Легко усмотреть, что как раз для поисков присутствия в поэзии или в искусстве более или менее однозначно понимаемой христианской вести такой подход, требующий концентрации внимания на самых вершинных артистических достижениях создает особенно болезненные апории. Люди с довольно серьезными аскетико-мистическими интересами, как Жуковский, с подлинными нравственно-религиозными прозрениями, как Шарль Пеги, или даже с чертами святости, как Беато Анджелико, совсем не так уж редко бывают прекрасными, одаренными и умелыми художниками, умеющими реально и убедительно воплотить свой христианский опыт в своем искусстве, — даже если не самыми великими из великих (скажем, Жуковский — не Пушкин, и т. д.). Однако логика описываемого мировоззрения требует непременно искать также и религиозного откровения только у самых из самых, у «ipsissimi». И вот православный любитель искусств, которого могли бы утешить, скажем фрески того же Беато Анджелико, особенно поздние, наиболее строгие, — с преувеличенной духовной требовательностью всматривается в картину Рафаэля, именно в нее...

Возвращаясь от общеисторического к булгаковскому контексту, отметим связь рассматриваемого текста с некоторыми особенностями булгаковского богословия иконы.

Сам Булгаков достаточно хорошо знал святоотеческую литературу для того, чтобы отдавать себе отчет в огромной дистанции между доводами византийских апологетов иконопочитания и тем заново творимым «богословием Иконы», в разработке которого он сам принимал такое важное участие.
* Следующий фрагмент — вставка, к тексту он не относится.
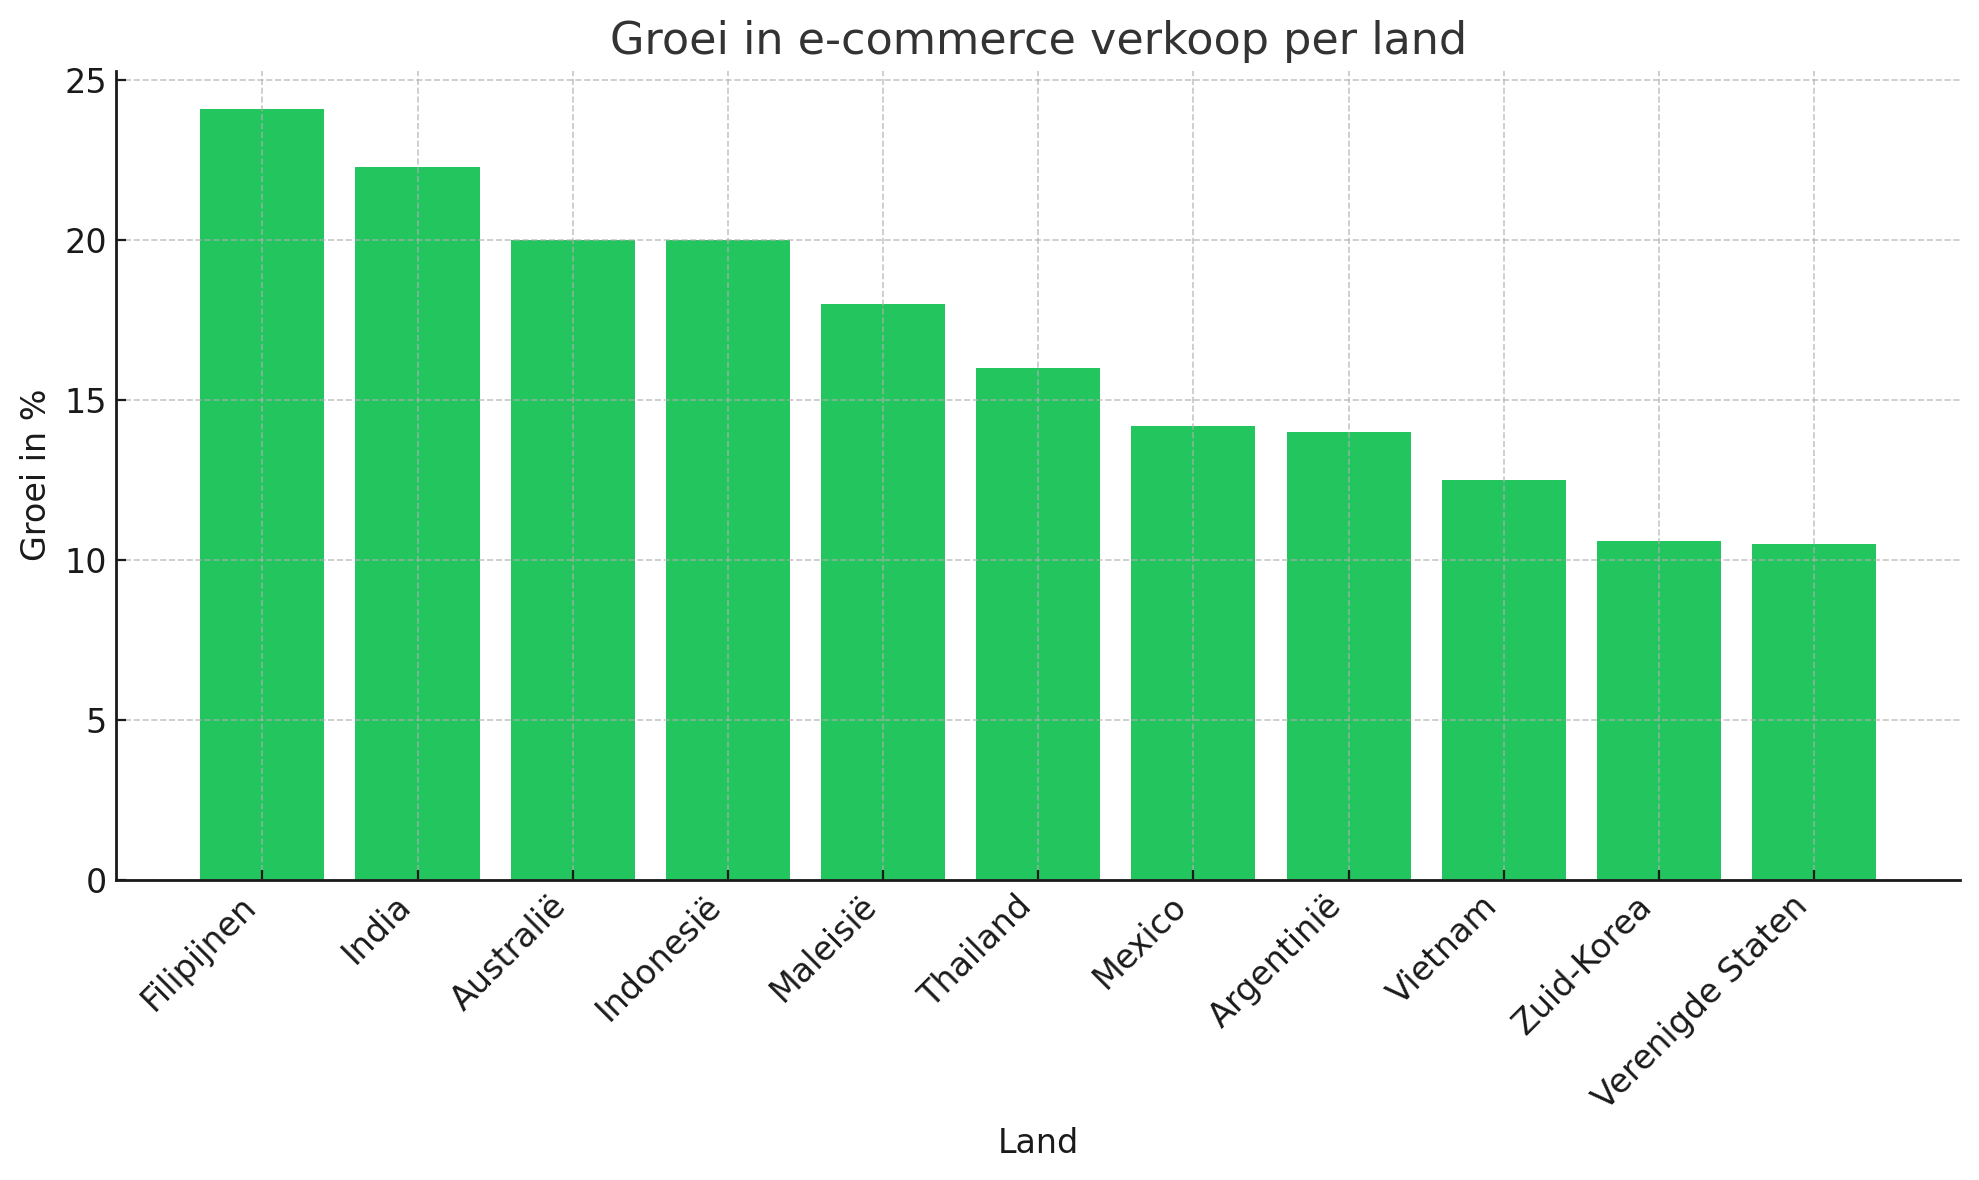 Groei in e-commerce verkoop per land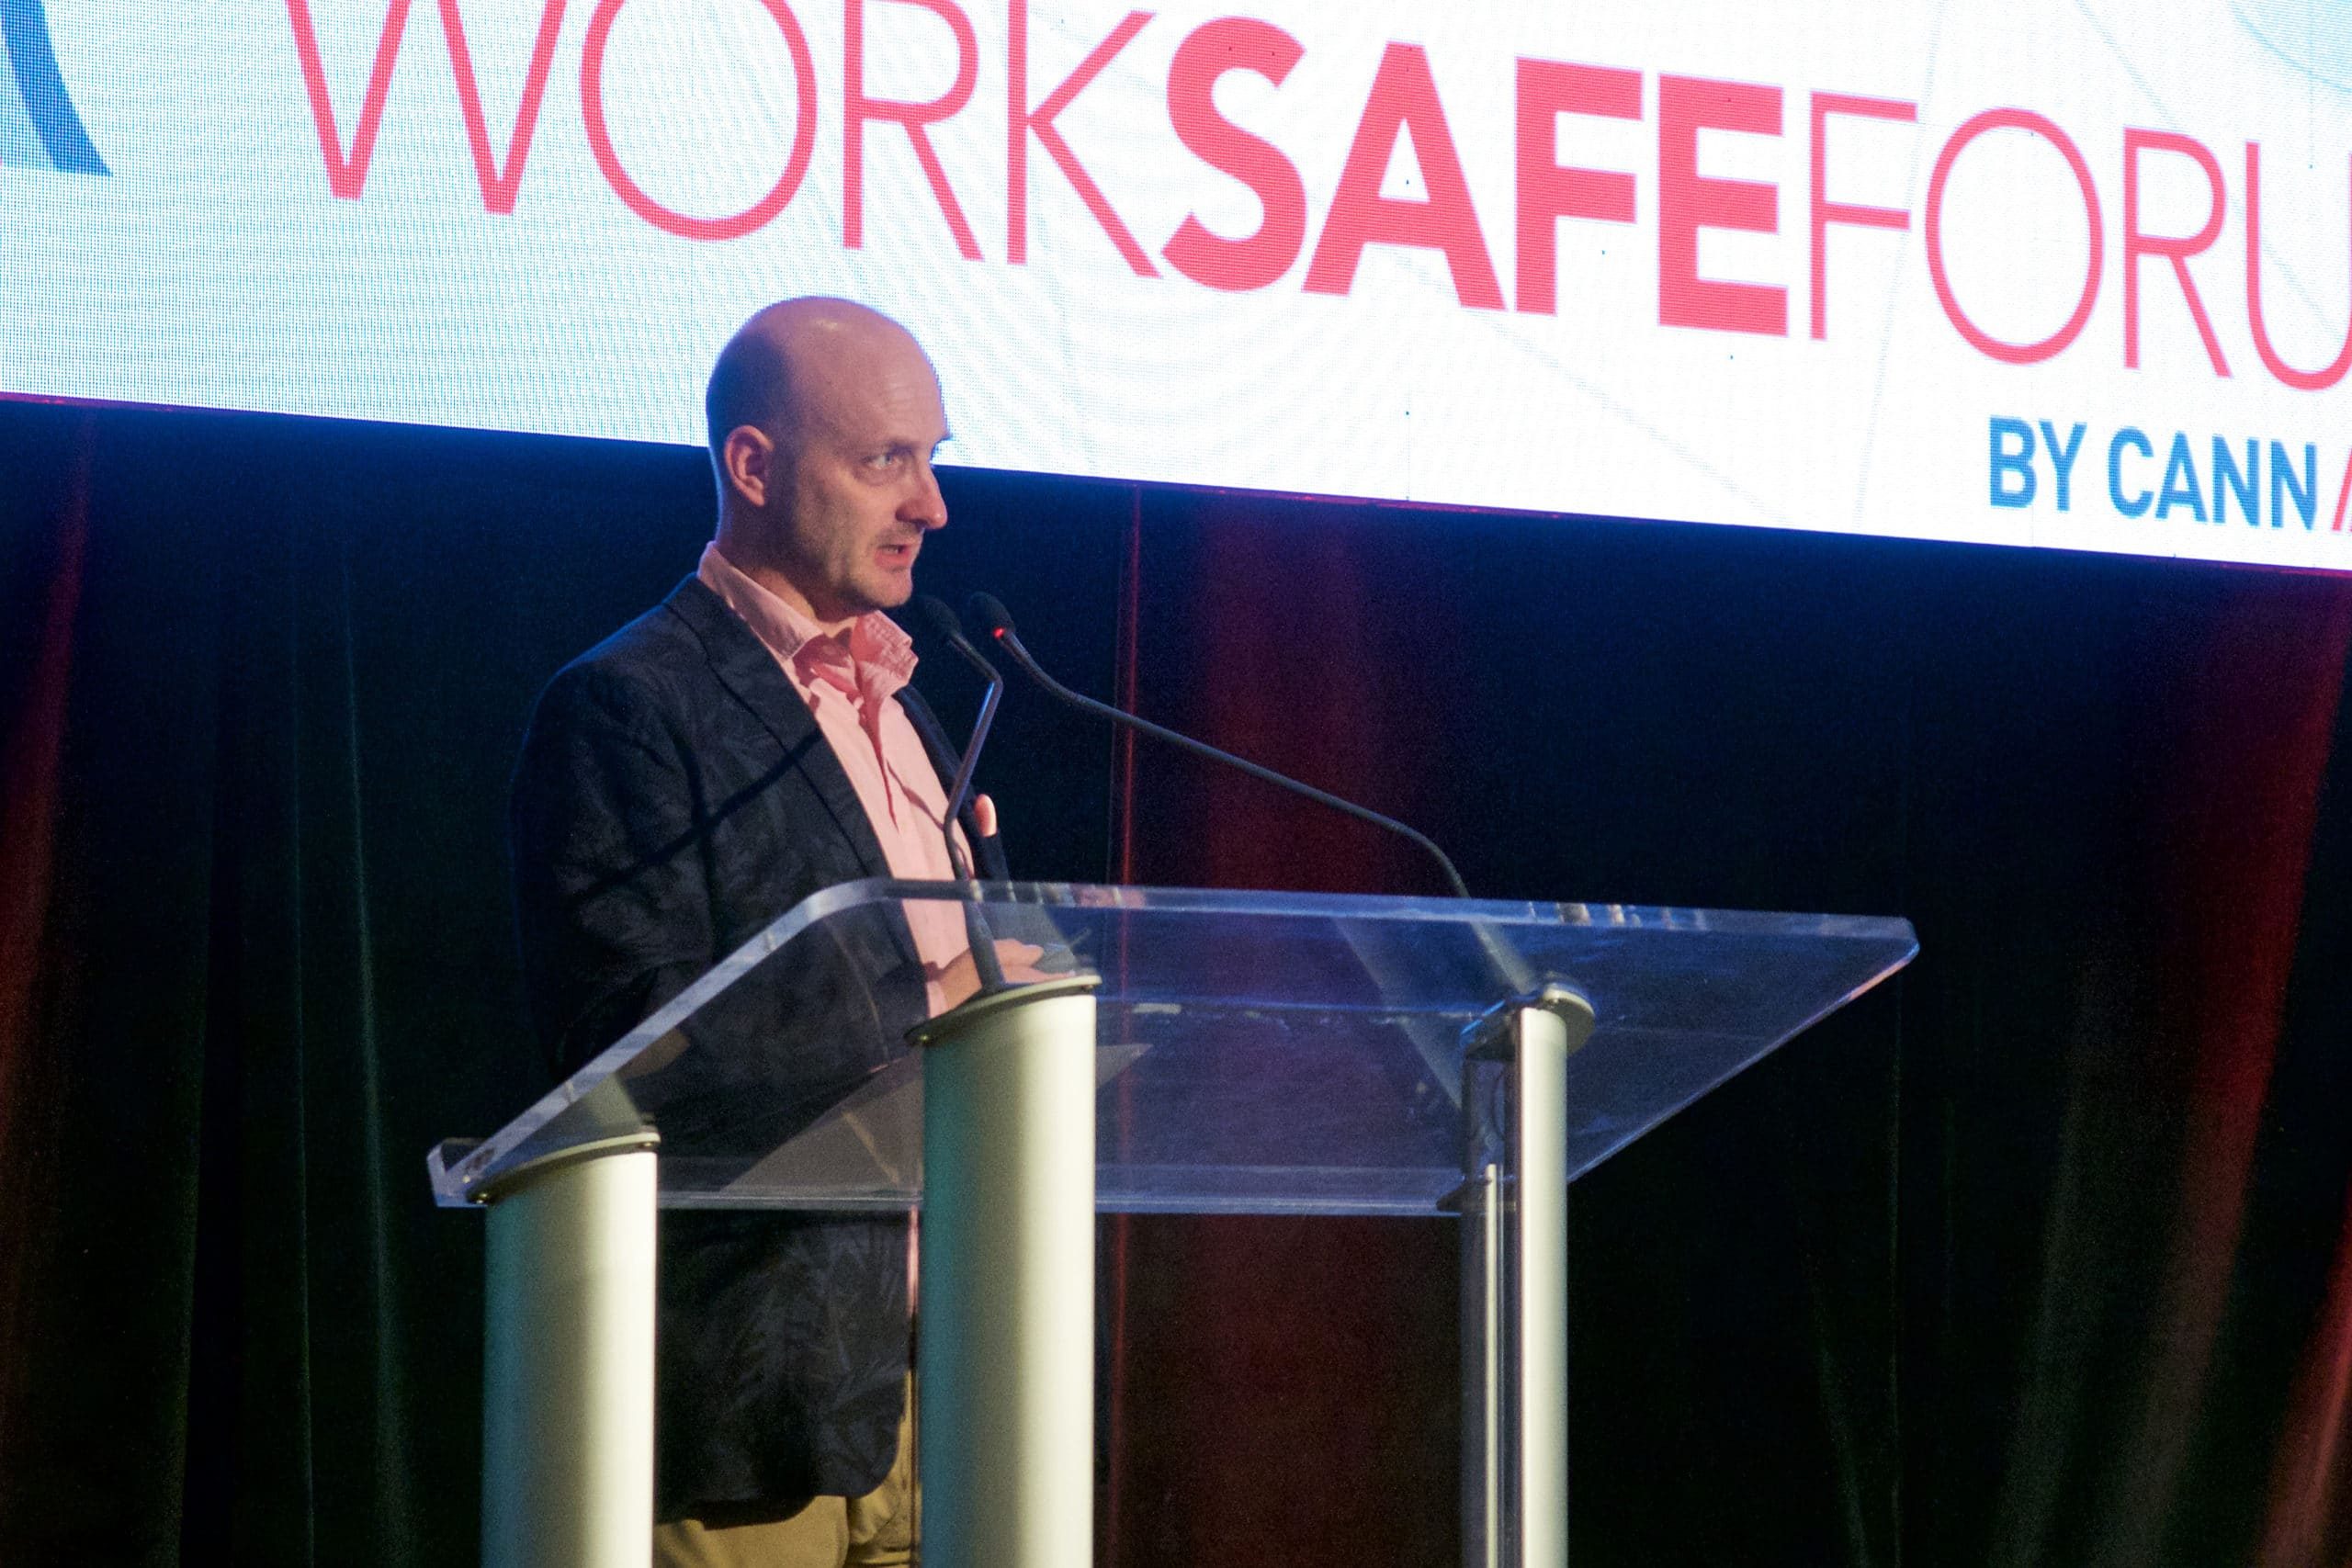 CannAmm WorkSafe Forum

Интеллектуальная честность в этом пункте выгодно отличает от его гениального друга и чтимого им «совопросника» о. Флоренского, систематически уступавшего соблазну подать собственный позднеромантический или постромантический дискурс как самую что ни на есть сущность святоотеческой, древлецерковной мысли. Так, в своем труде «Икона и иконопочитание: Догматический очерк» (1931) о. Булгаков с неожиданной отчетливостью, даже резкостью, отделяет свою позицию от позиции чтимых защитников иконопочитания в пору иконокластических контроверз в Византии:

«... Если мы от этого стилизованного изображения обратимся к исторической действительности <...>, там мы увидим совершенно иное и обнаружим у противников иконоборства непроизвольное или же тенденциозное (ради упрощения вопроса) уклонение в сторону от самого его острия, своего рода ignoratio elenchi»[24]. В качестве примера он цитирует, например, апологию иконопочитания, читанную на Шестом деянии VII Вселенского собора диаконом Епифанием: «Икона подобна первообразу не по существу, а только по напоминанию и по положению изображенных членов. Живописец, изображающий портрет какого-либо человека, не домогается изобразить душу»[25]. Разумеется, со времен романтизма никто не сомневался в том, что настоящая цель портрета — именно изображение души, а в контексте «богословия Иконы» XX в. это и подавно переносилось на сакральное изображение с его уже не «душевной», но духовной «душой».

Конечно, можно спорить о том, не присутствовала ли уже в патристической и византийской мысли некая невыговоренная импликация, которая была поближе, чем текст, читанный диаконом Епифанием, к тому, чего хотел о. Сергий. Дело не так просто; однако отрицать историческую характерность документа, приводимого о. Булгаковым, тоже нет возможности. Богослов XX столетия ответственно признает все то, чем обязан в самом своем богословствовании постромантической культуре; и этот контекст, подразумевающий, между прочим, и долговременные последствия все той же статьи Жуковского, делает понятным остроту надрыва, связанного с переживаниями этого богослова вокруг расхваленной протагонистом русских романтиков картины Рафаэля. Возможность «религиозно бояться» музыку Вагнера входит в тот же комплекс связей.